Bu sayfayı yazdır

Yerli ve Milli Heykeller Geçidi: Artık Bizim De Bir Heykelimiz Var

Yazan: 17 Temmuz 2020 1972

Ordu Büyükşehir Belediye Başkanı Hilmi Güler ‘’Türk Büyükleri Heykelleri’’ denilen bir proje başlattı ve yüksek öneme (!) sahip bu proje tamamlandı. Proje şöyle: Mete Han’dan Oğuz Kağan’a, Alparslan’dan Fatih’e, Mustafa Kemal’den Abdülhamid Han’a hatta Engin Altan Gezideyatan’a kadar tarihimize damga vurmuş şahsiyetlerin büstleri aynı meydanda toplanmış. Farzı muhal hepsi yaşayıp da Hilmi Bey’le aynı meydanda buluşsalardı ne olurdu acaba? Onu tebrik mi ederlerdi, tekdir mi ederlerdi, yoksa kötek mi çekerlerdi? Çünkü şapka takanından sarık takanına, heykel dikeninden put kıranına kadar farklı şahsiyetlerin cemedilmesiyle oluşturulmuş bir curcuna cümbüşü var ortada.

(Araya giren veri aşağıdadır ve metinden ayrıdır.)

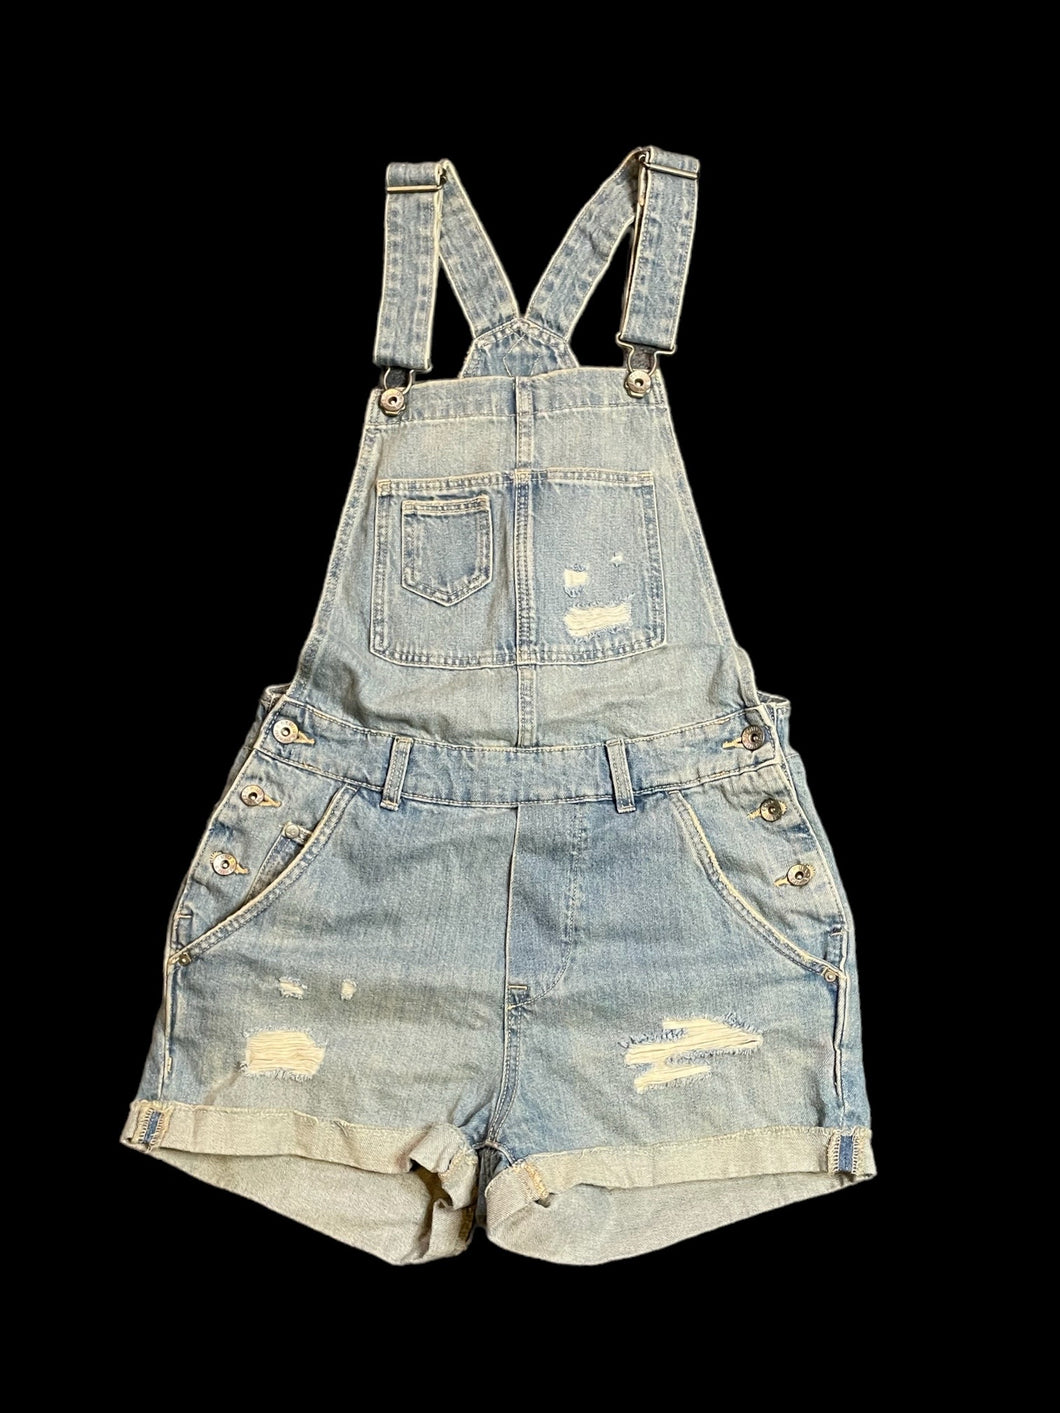 S Light blue distressed denim overall shorts w/ adjustable straps, pockets, belt loops, cuffed hems, & side button closures

Bu heykel-büst işlerinin arka planını ve yaşanmış vakaları bilenler bu işlerden fail belediye ve kurumların nasıl faydalandığını da bilir; çoğu zaman belediye bütçesindeki veya yetkililerin ceplerindeki deliği kapatma aracı olarak kullanılmıştır. Nasıl mı? Yüz lira maliyeti olan bir heykele sanat etiketi altında 100 bin lira fatura kesilir. Bunun bir kısmı sanatkara, aslan payı da aslanın yuvasına gider. Tabi ki biz adı geçen belediye ve yetkililerini böyle bir şeyle suçlamayıp, bizce kat kat daha büyük asıl cürümleri tespit edip, işaretlemeyle ilgileneceğiz.

Meselenin özü bir sanat derdi ise Ak Partili Hilmi Güler’e hatırlatmak isteriz ki, Ak Parti Genel Başkanı ve Cumhurbaşkanı Sayın R. Tayyip Erdoğan’ın kendine öncü gördüğü ve gururla bahsetmekten çekinmediği, fikir anlayışını en taze sulardan içerek beslemiş ve sanatını zirveye çıkarmış olan Üstad’ımız Necip Fazıl Kısakürek der ki:

“Anladım işi, sanat Allah’ı aramakmış;

Marifet bu, gerisi yalnız çelik çomakmış.”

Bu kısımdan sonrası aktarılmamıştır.